··· Information

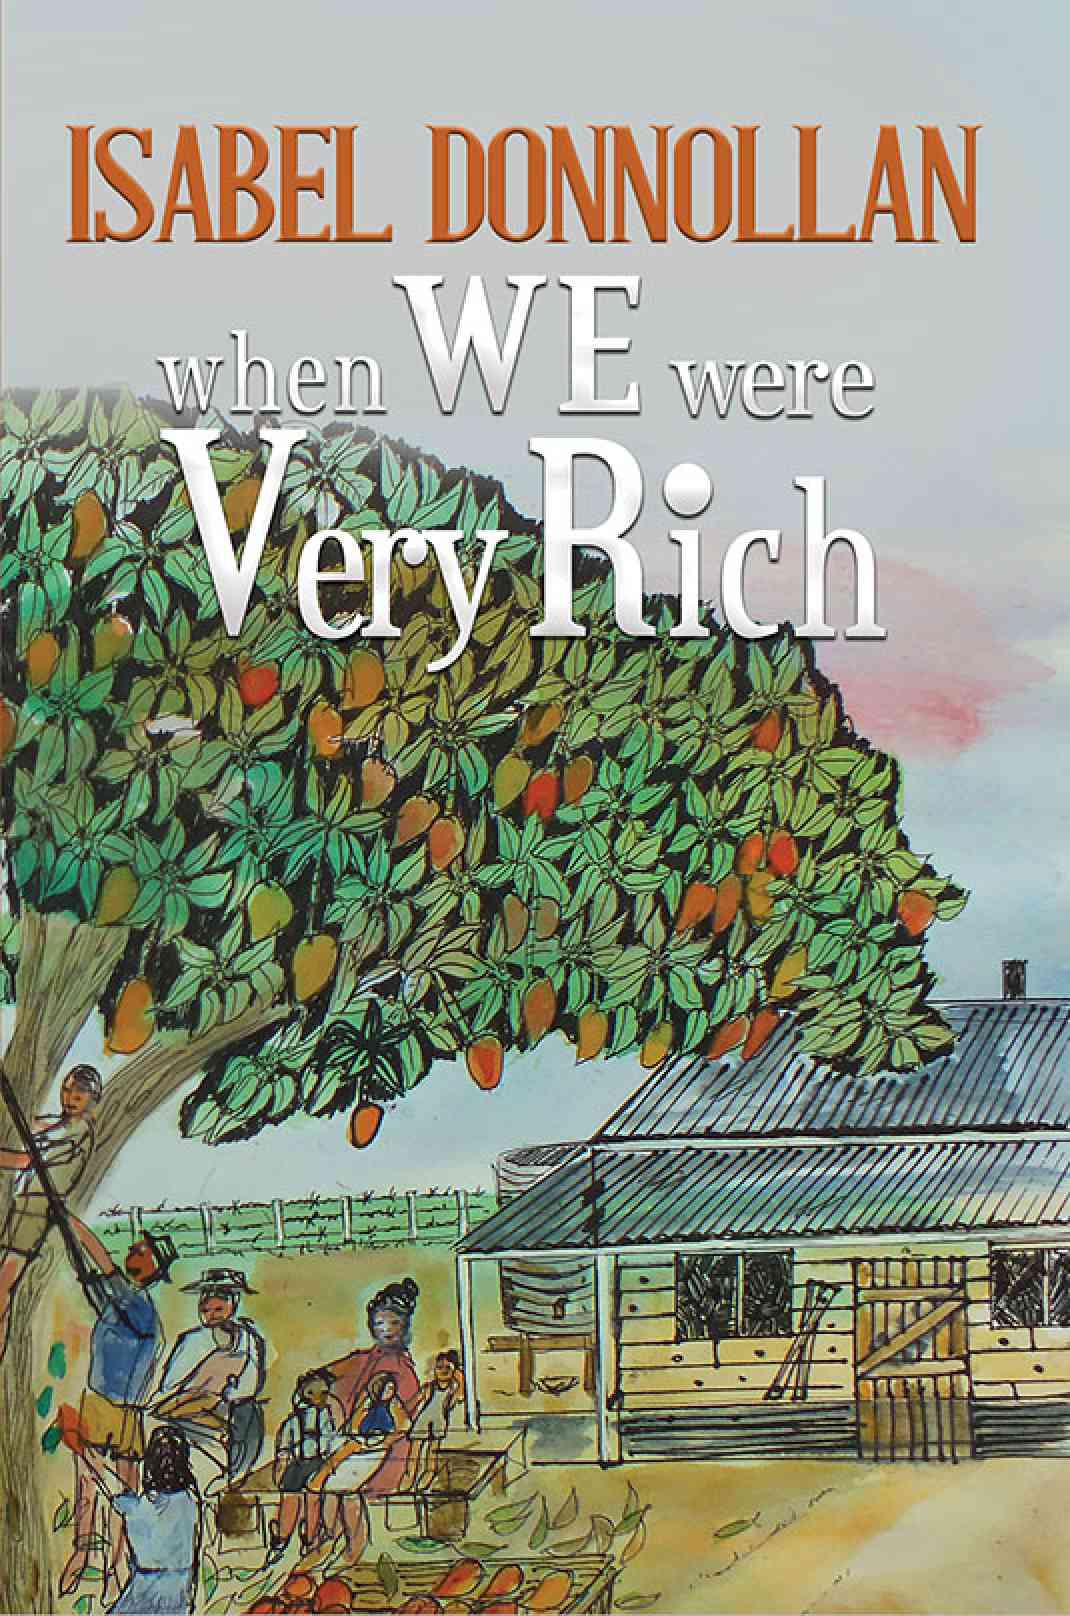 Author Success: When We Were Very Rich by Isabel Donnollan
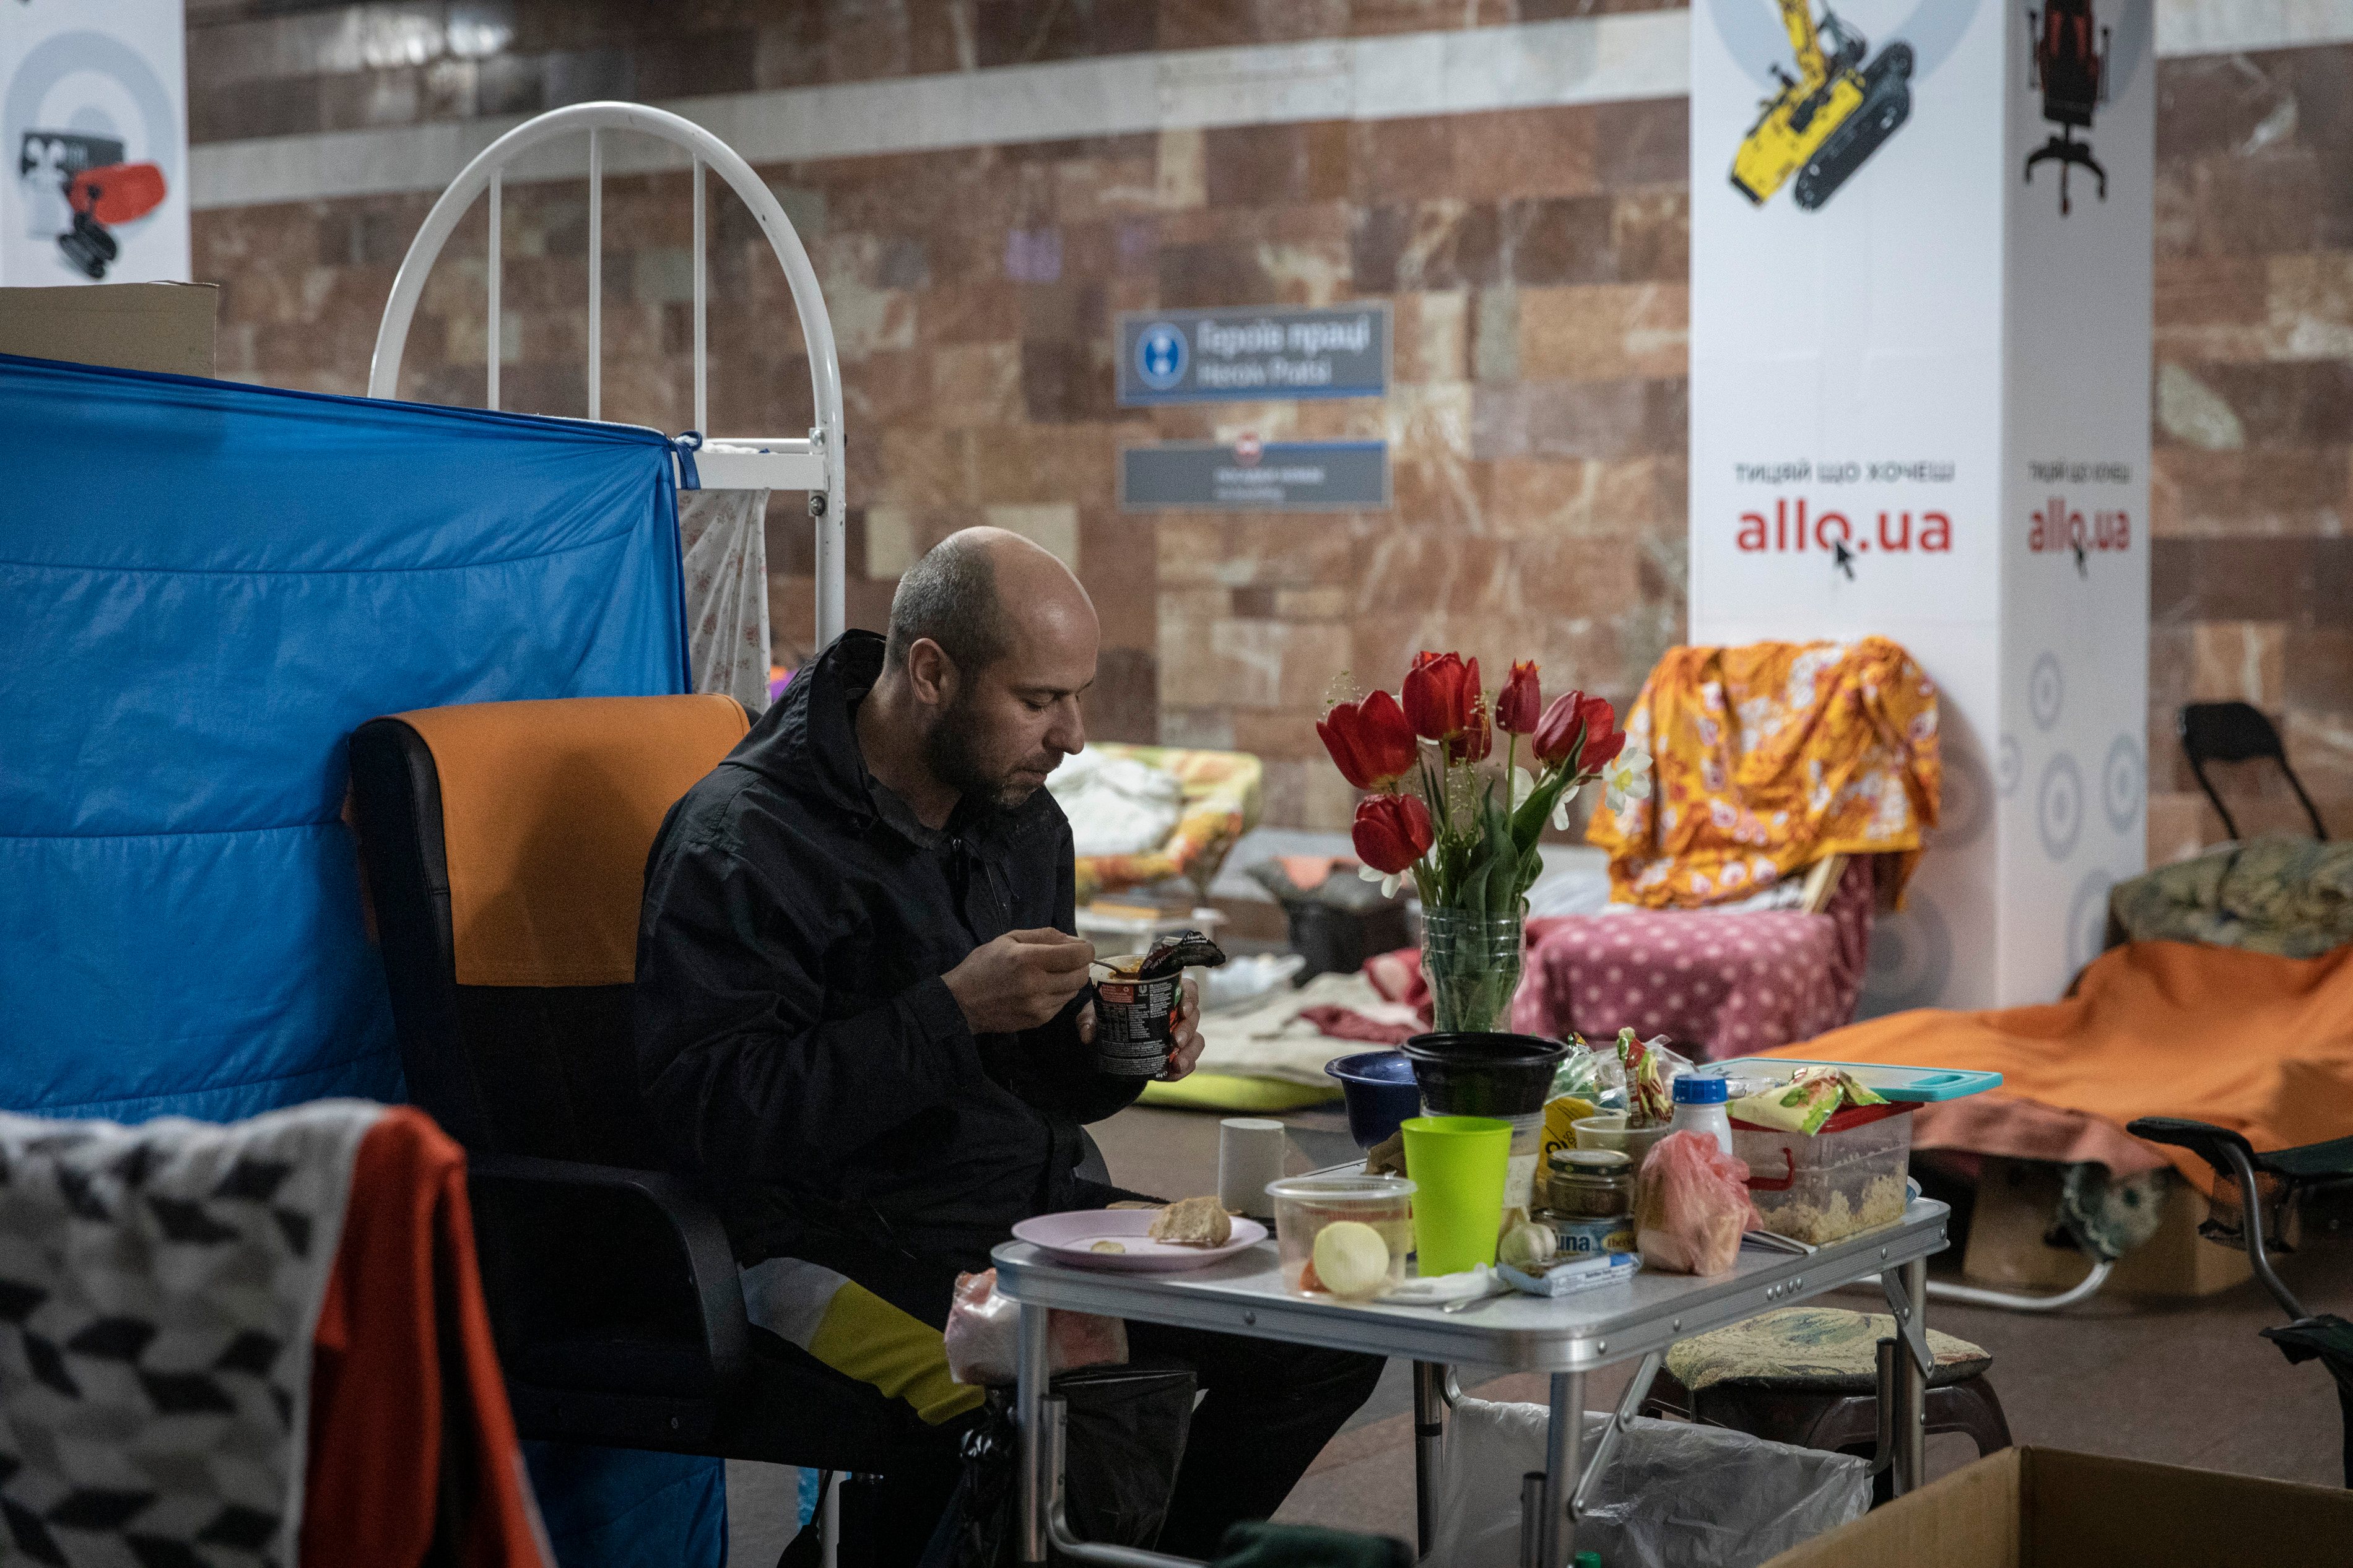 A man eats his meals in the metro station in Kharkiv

······
··· Information

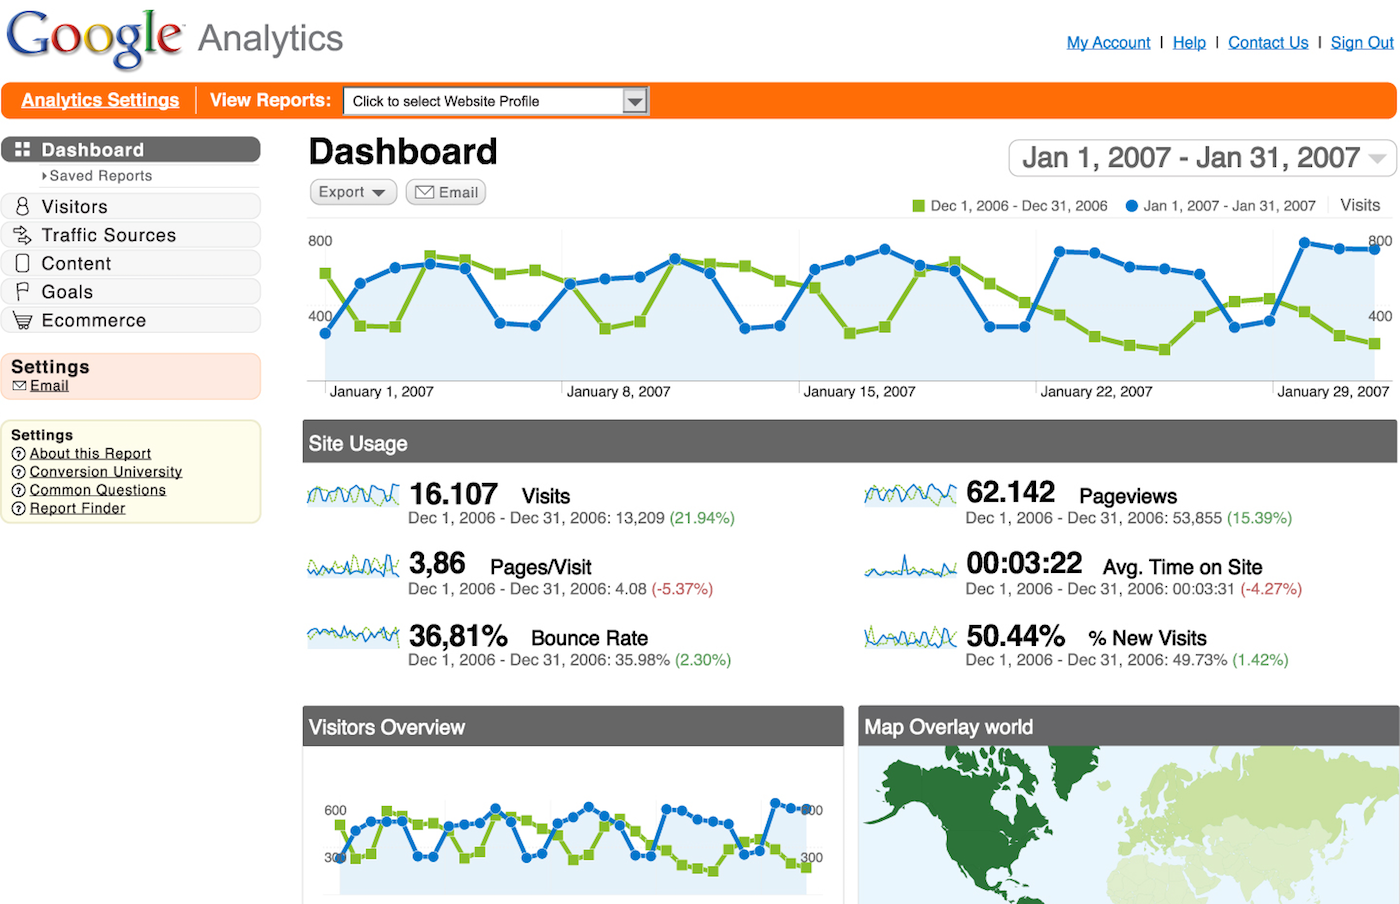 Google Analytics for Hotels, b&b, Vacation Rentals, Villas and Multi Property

······

## Task details
Range to copy from the records above: the line containing "Author Success: When" to the line containing "A man eats his", both included. Output those lines exactly and only those, skipping pictures.

## Task output
 Author Success: When We Were Very Rich by Isabel Donnollan
 A man eats his meals in the metro station in Kharkiv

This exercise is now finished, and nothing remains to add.